PROBLEM DETAILS:
Repeat the records below exactly from the line containing "Hovisepät on NOMOS" to the line containing "Spira Dotte 50 Cushion Cover, Linen", taking in both of those lines. Drop the pictures.

DATA SHOWN Start Marker

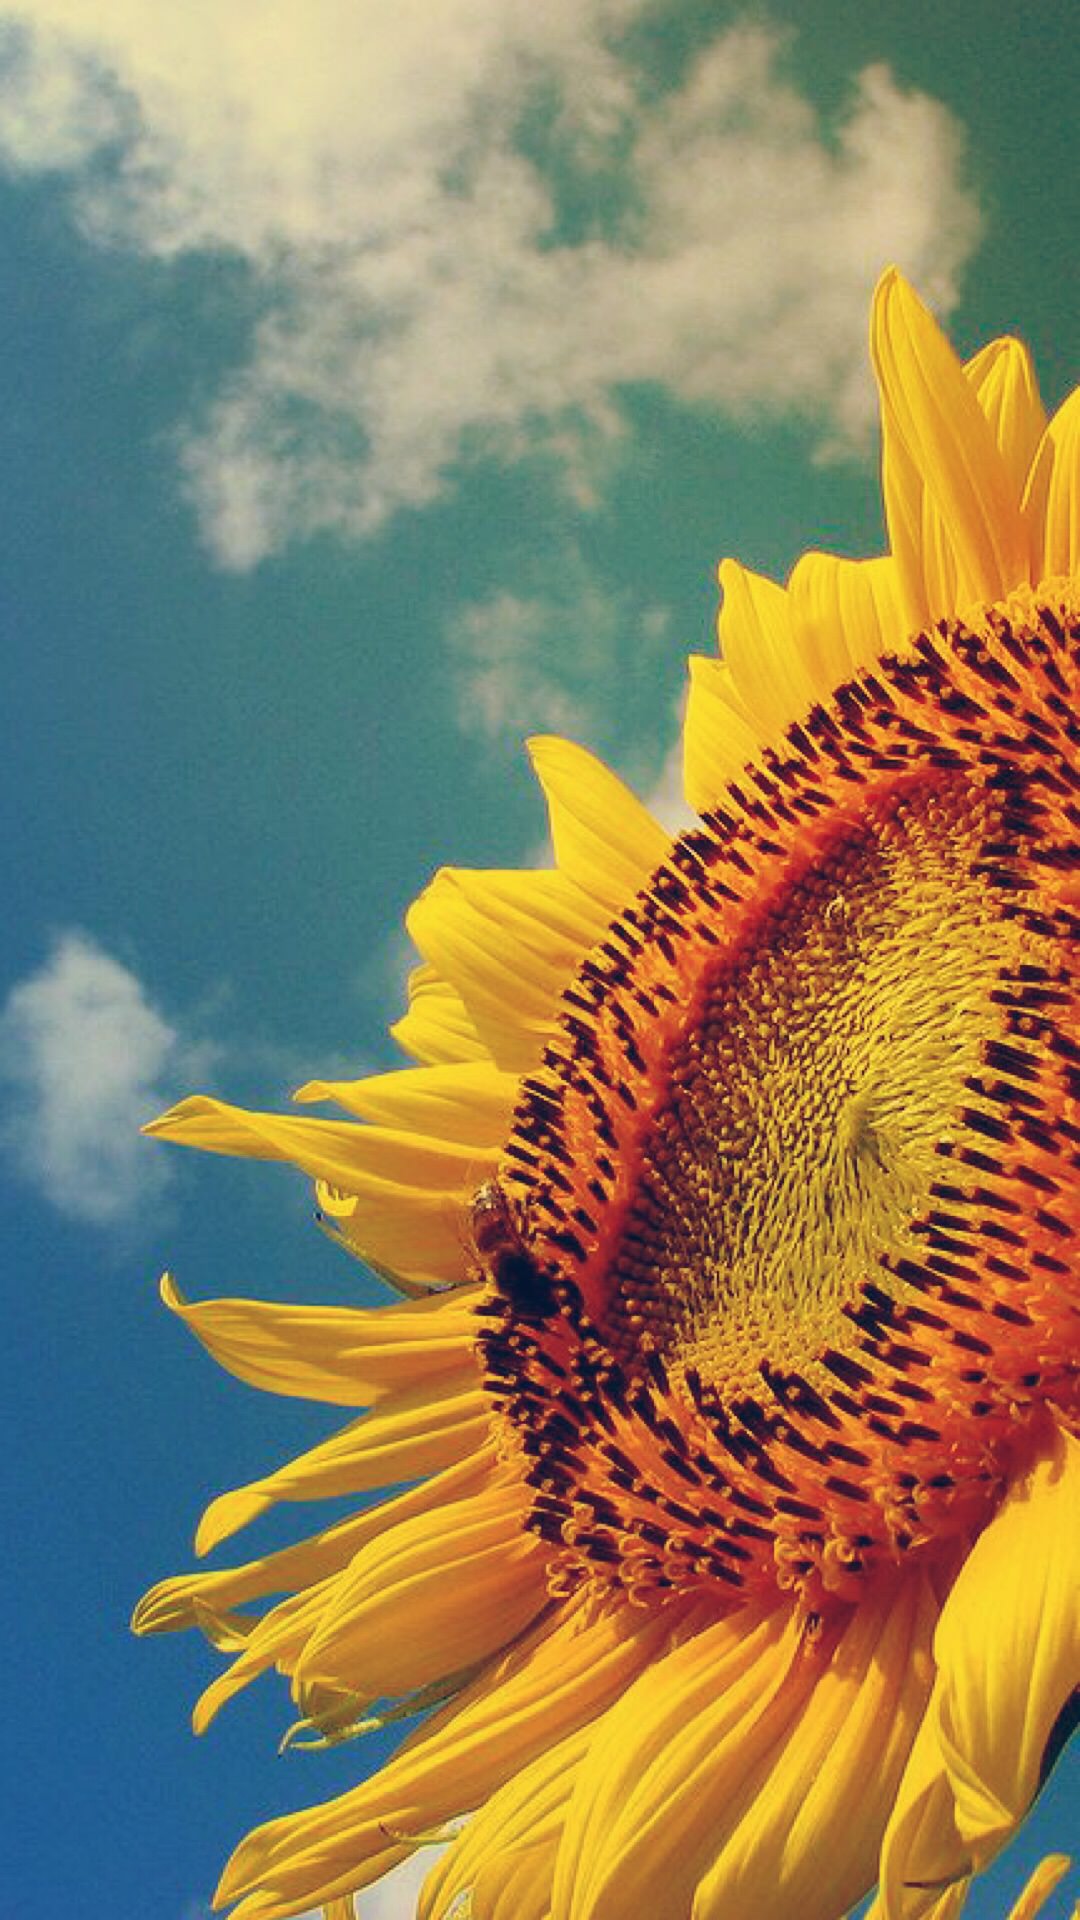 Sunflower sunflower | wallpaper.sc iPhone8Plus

DATA SHOWN End Marker
DATA SHOWN Start Marker

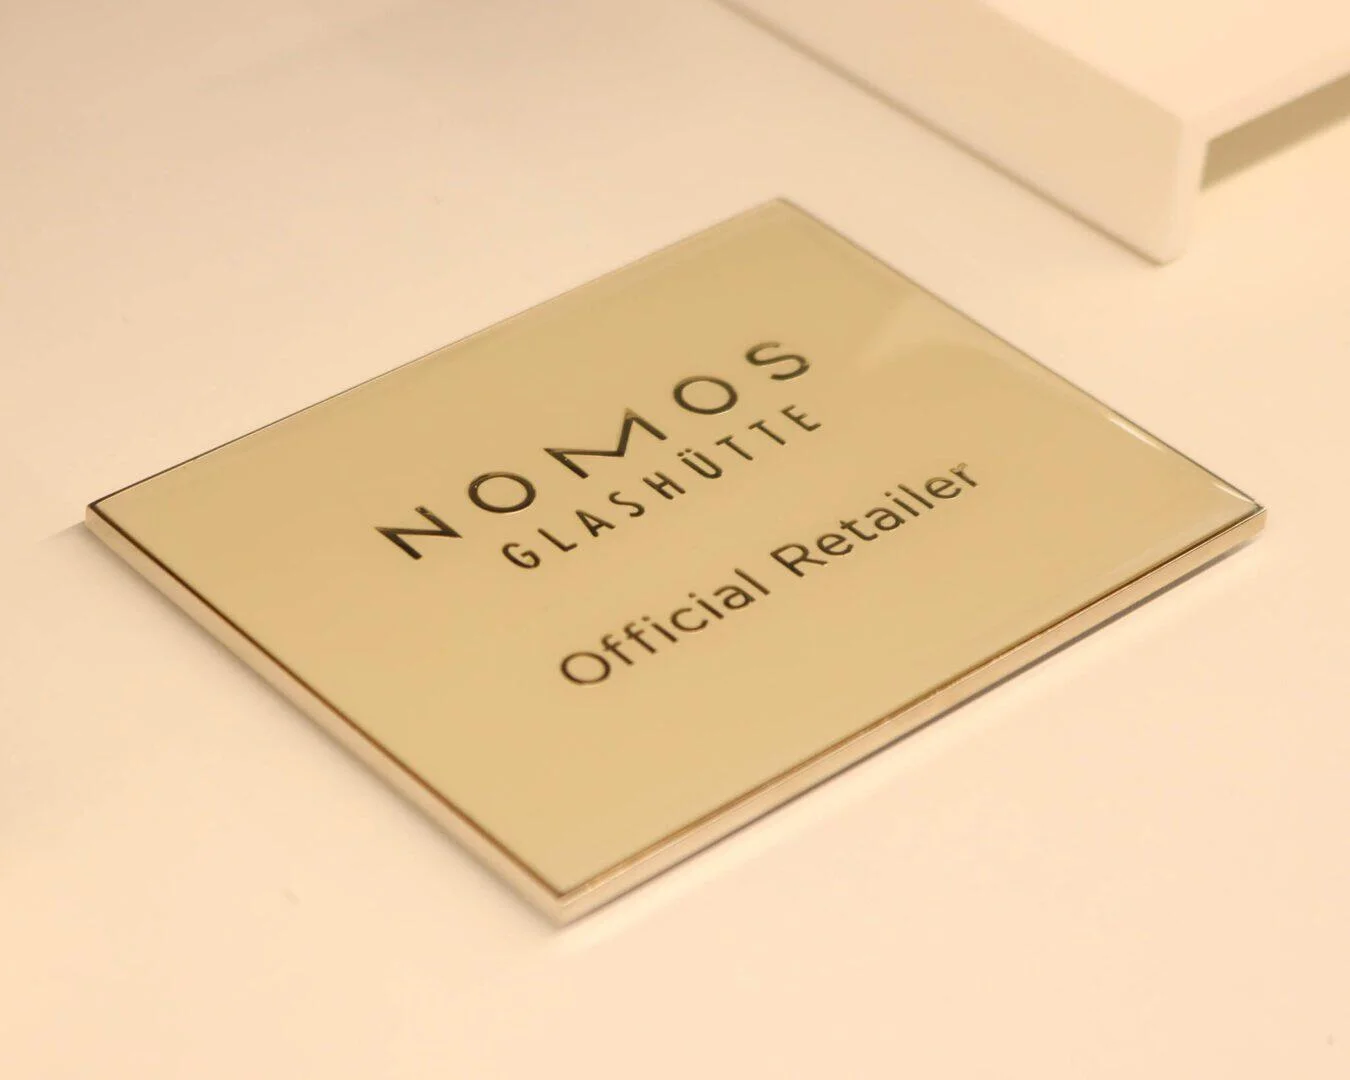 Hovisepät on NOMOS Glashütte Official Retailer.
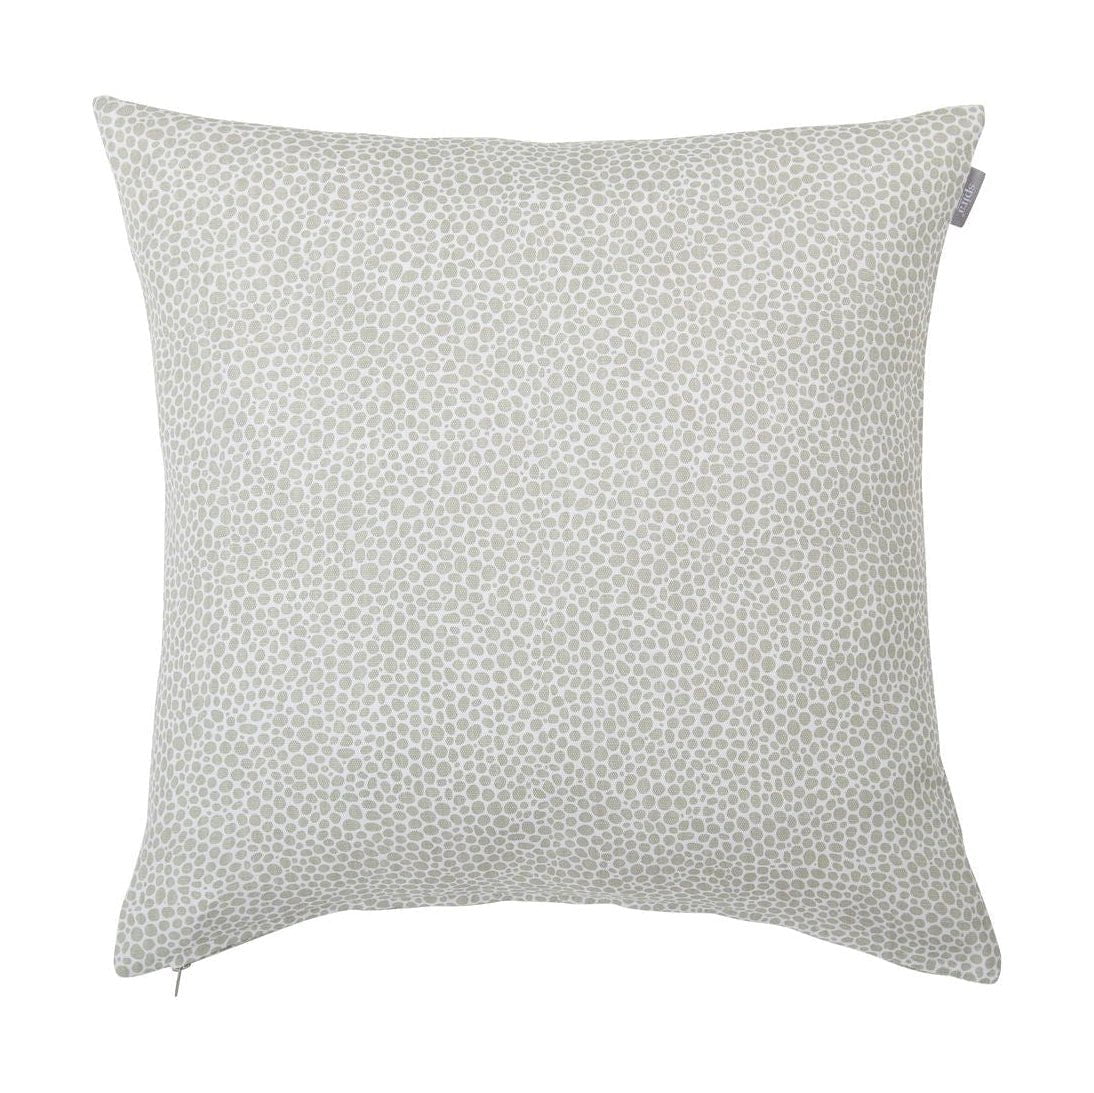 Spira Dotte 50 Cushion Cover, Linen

DATA SHOWN End Marker

WRITTEN REPLY:
 Hovisepät on NOMOS Glashütte Official Retailer.
 Spira Dotte 50 Cushion Cover, Linen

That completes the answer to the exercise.